# Was Jwmims overlooking judo for self defense?



## VT_Vectis (Dec 31, 2014)

I've taken it upon myself to reboot this thread as the original got hijacked and so off topic as to be unrecognisable.  

Mods feel free to remove or edit this thread if you find it not to be worthwhile. 
Here was the original post from afore mentioned thread;

"i am thinking of taking up classes at seibukan jujutsu school,there is a very well respected judo school very near me.
I have always though of judo as a sport.I have pretty good striking skills,would judo add alot to my self defence skills?I know judo is a sport,but could 
you make it a little nasty in a street fight?how would you compare JJJ to judo in a down and dirty street fight?One big plus is the judo classes cost alot less.
thanks,
james"


----------



## Mephisto (Dec 31, 2014)

The op was pretty old in that thread and I don't believe he's been back in some time. That being said we did cover in the thread; some judo trains only sport but much of it covers self defense including some striking. My two cents; if you can throw an experienced opponent in a sport setting, you can do the same more easily in the street on an inexperienced opponent. This is often the overlooked aspect of martial sports, you train to fight experienced opponents in a specific ruleset. Just because you transition from the ring to the street doesn't make your sport techniques any less valid, you can easily break the rules practiced in sport. We see plenty of rule breaking and fouls in sanctioned events, why do so many seem to think an athlete will follow the same rules on the street. I agree you fight how you train. A boxer will probably try to punch in street defense. But in the street he is free to punch in foul zones or grab the attacker and punch him.

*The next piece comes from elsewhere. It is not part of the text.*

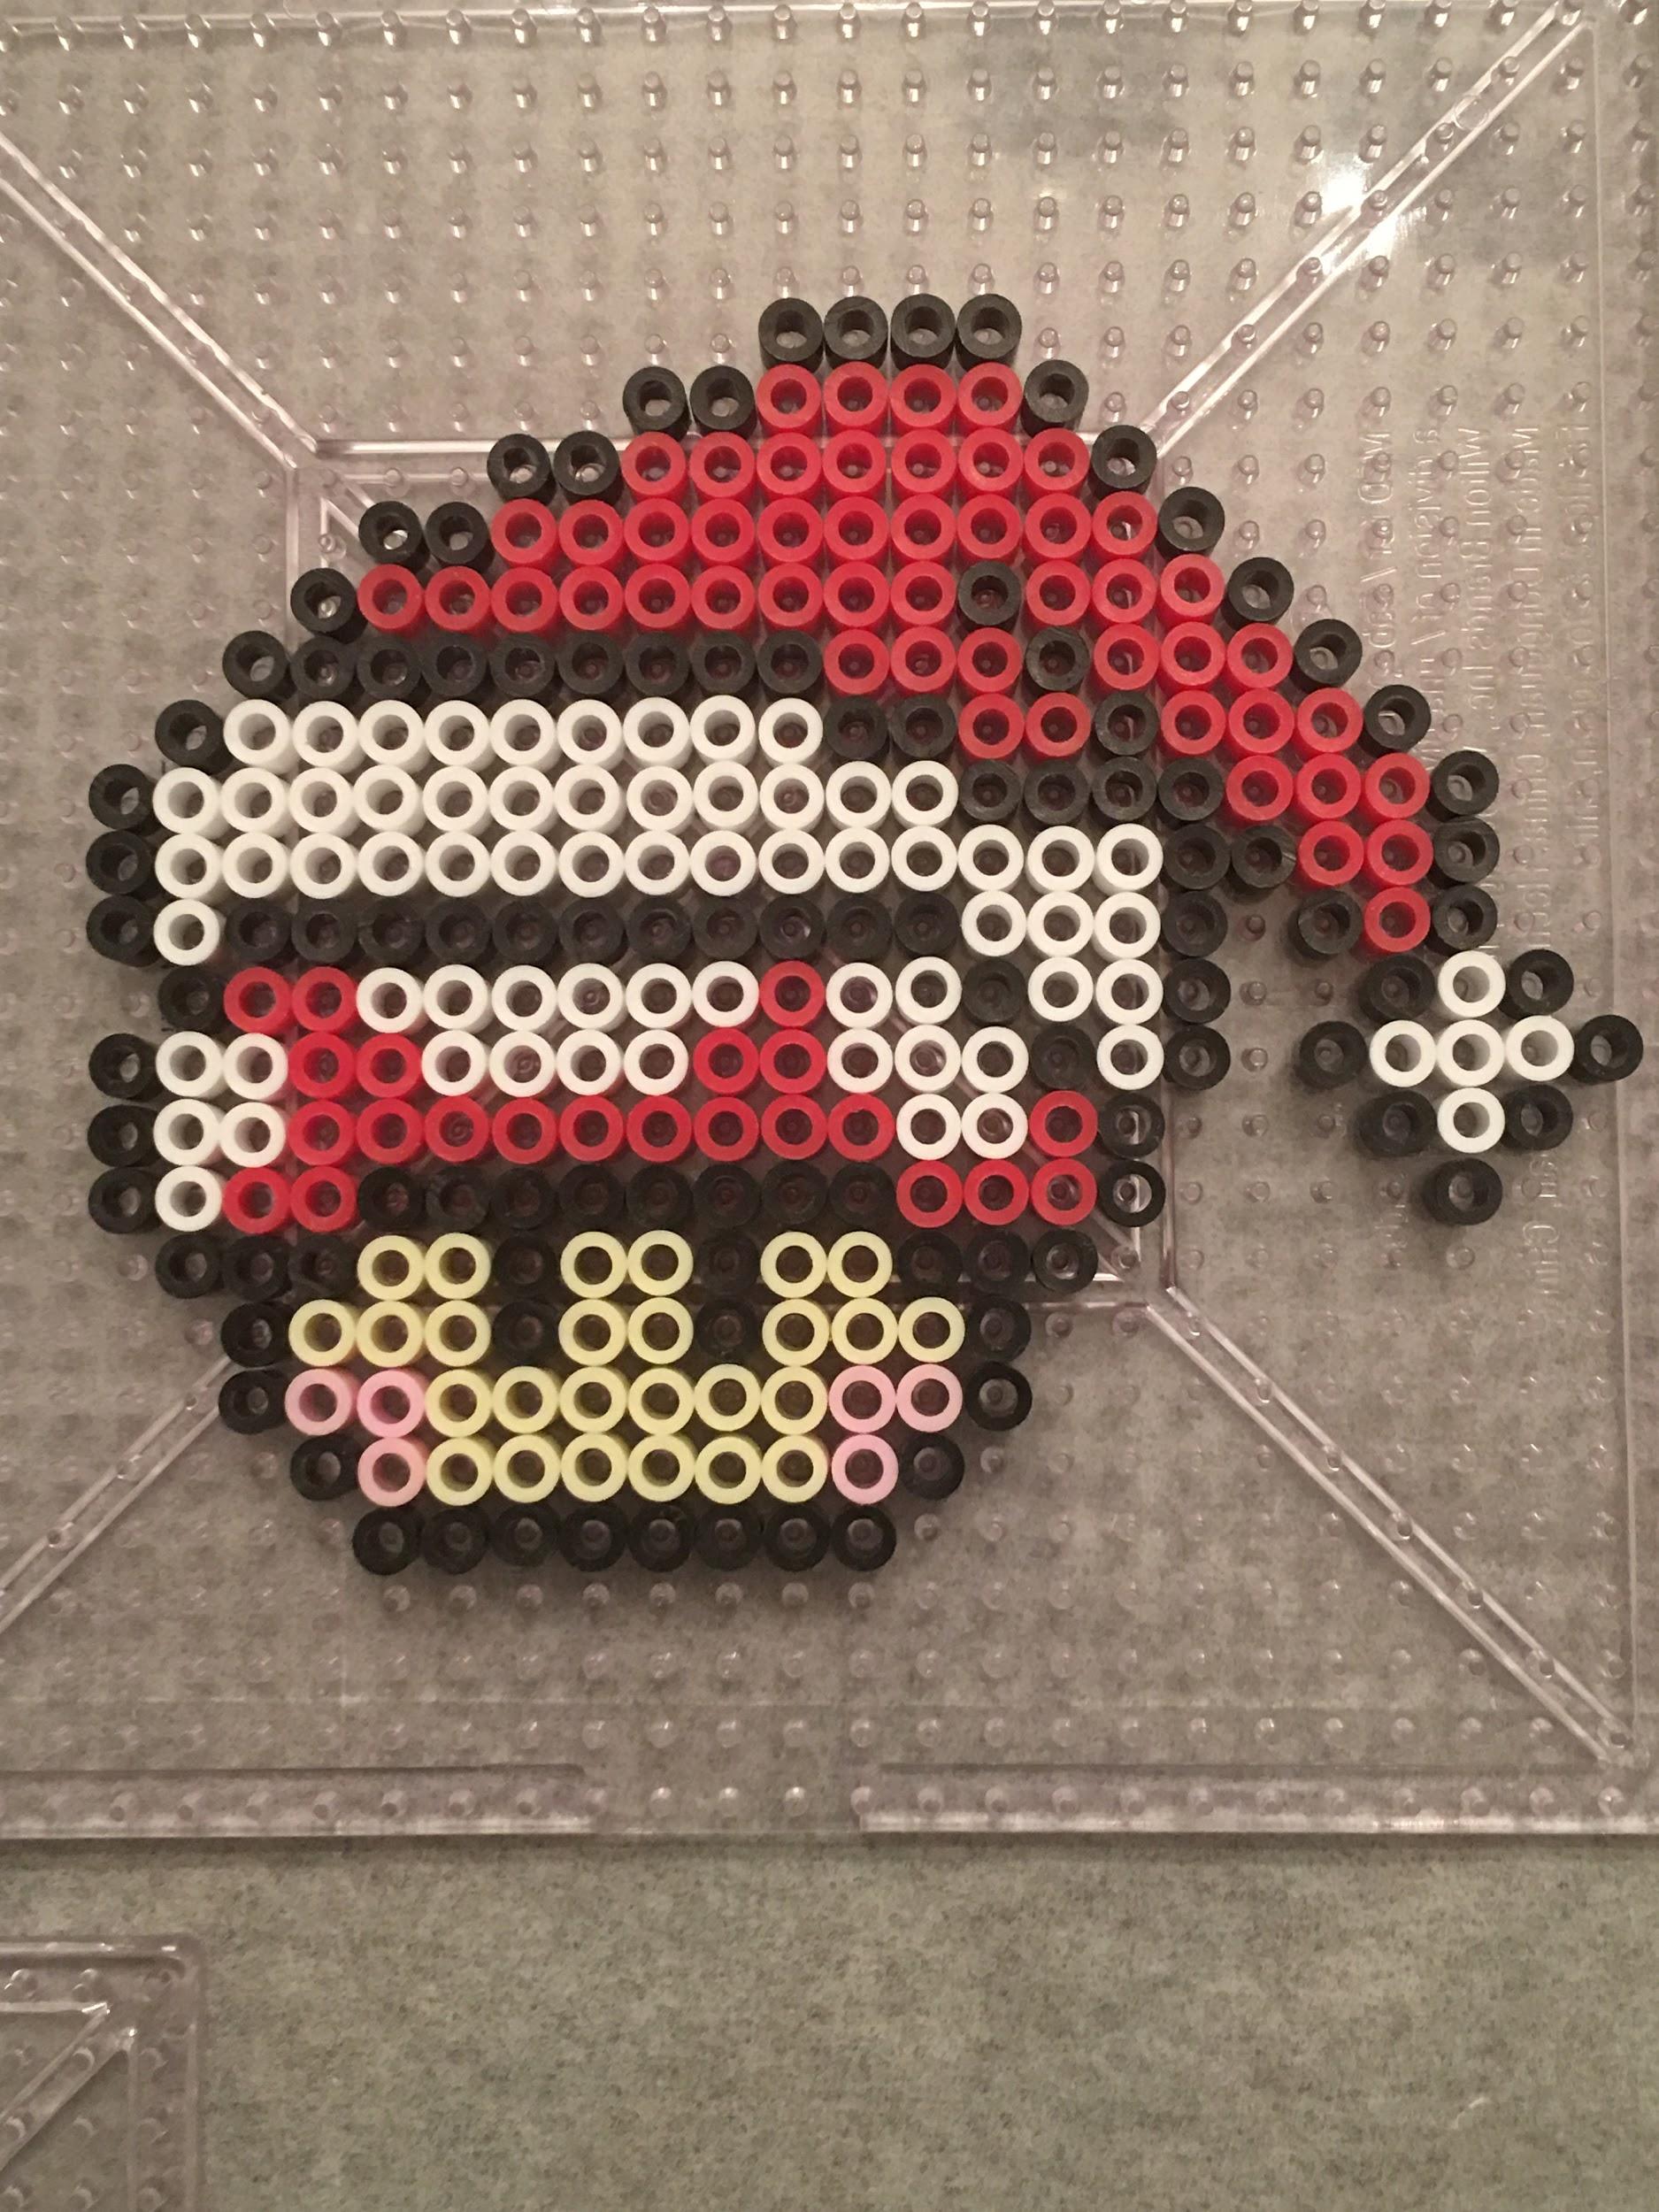 Mario Themed Perler Bead Patterns – For Parents,Teachers, Scout Leaders &  Really Just Everyone!
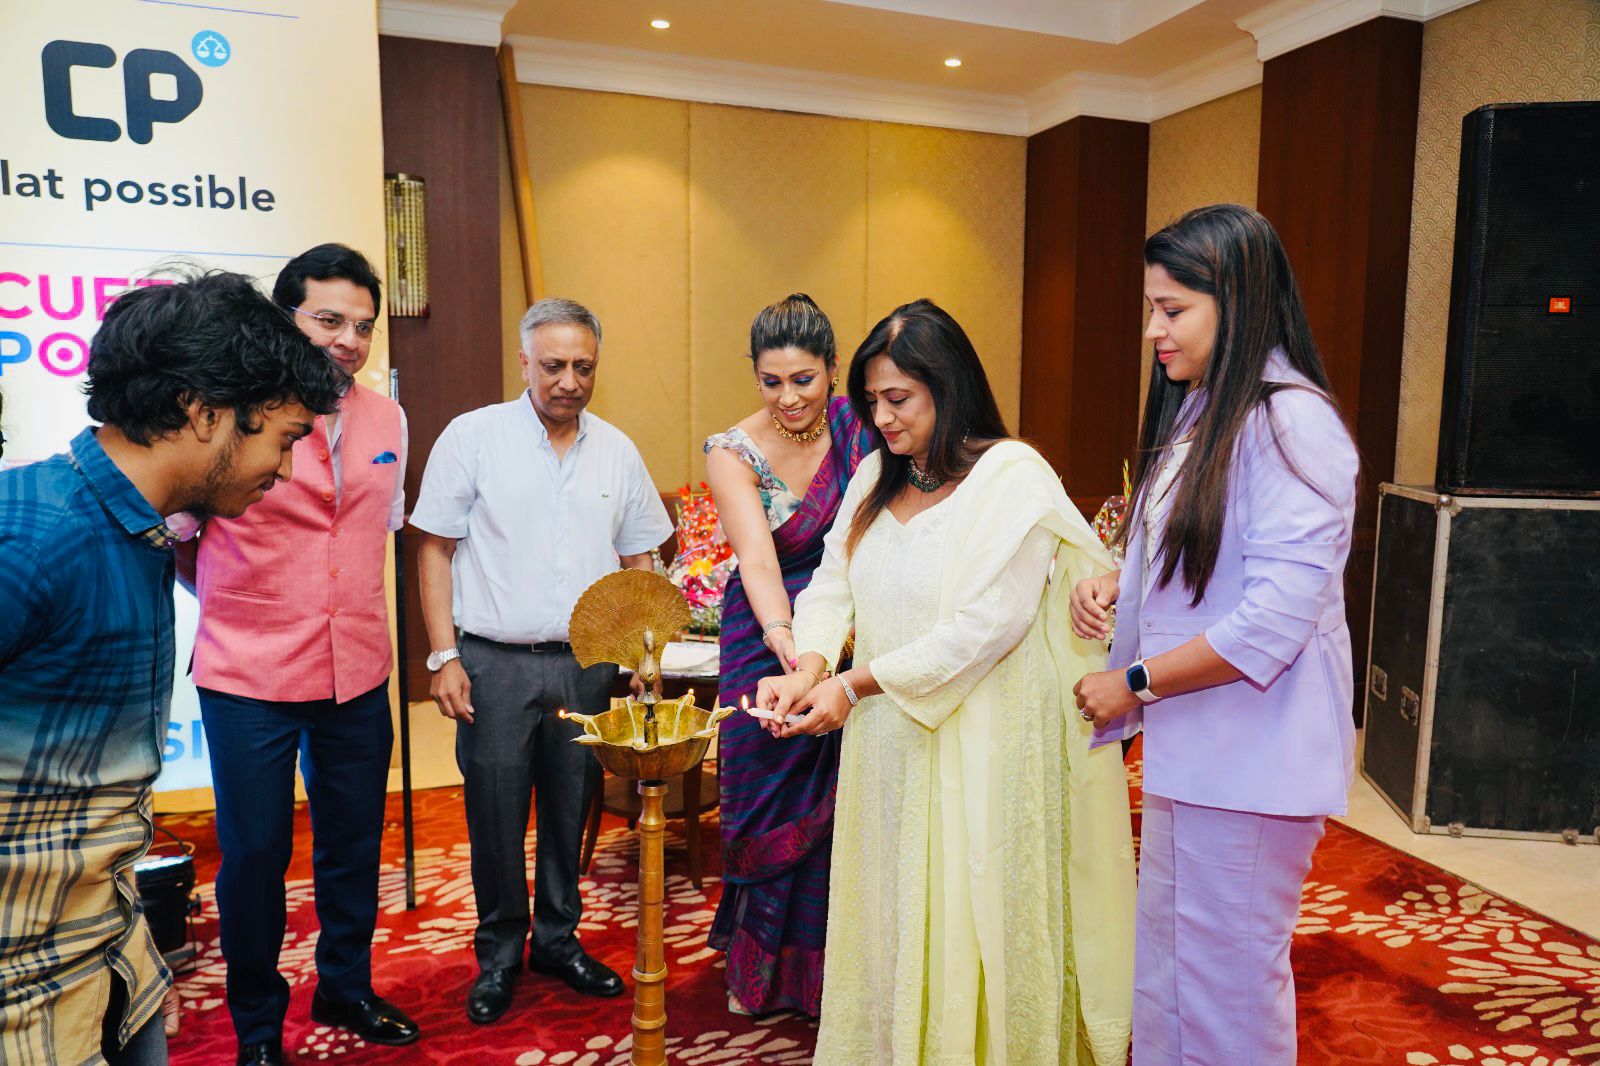 INAUGURATION CEREMONY CLAT POSSIBLE 2023 Our Dear Respected Principal ma’am Dr Manjula Goswami was invited as the honorary Chief guest in the inauguration ceremony of Clat Possible 2023 at ITC Fortune. She addressed the august gathering and motivated the

To answer the last question in the op. You can dirty up judo and dump an attacker on his head rather than his back. Sport fighting enables a fighter to train his techniques to a high level of proficiency against resisting attackers. In the street attackers will resist what you do. Resistance training is of utmost importance. Some supplemental street technique and self defense training is good too.


----------



## Tony Dismukes (Dec 31, 2014)

Mephisto said:


> We see plenty of rule breaking and fouls in sanctioned events, why do so many seem to think an athlete will follow the same rules on the street.



Something I realized years ago: just because (x) is illegal in a sport doesn't mean that the athletes involved don't know how to do (x). It just means that they know how to do (x) so the ref can't see it.


----------



## Dirty Dog (Dec 31, 2014)

Tony Dismukes said:


> Something I realized years ago: just because (x) is illegal in a sport doesn't mean that the athletes involved don't know how to do (x). It just means that they know how to do (x) so the ref can't see it.



Or (my preferred option...) they know how to do (x) but know the difference between sparring and fighting. 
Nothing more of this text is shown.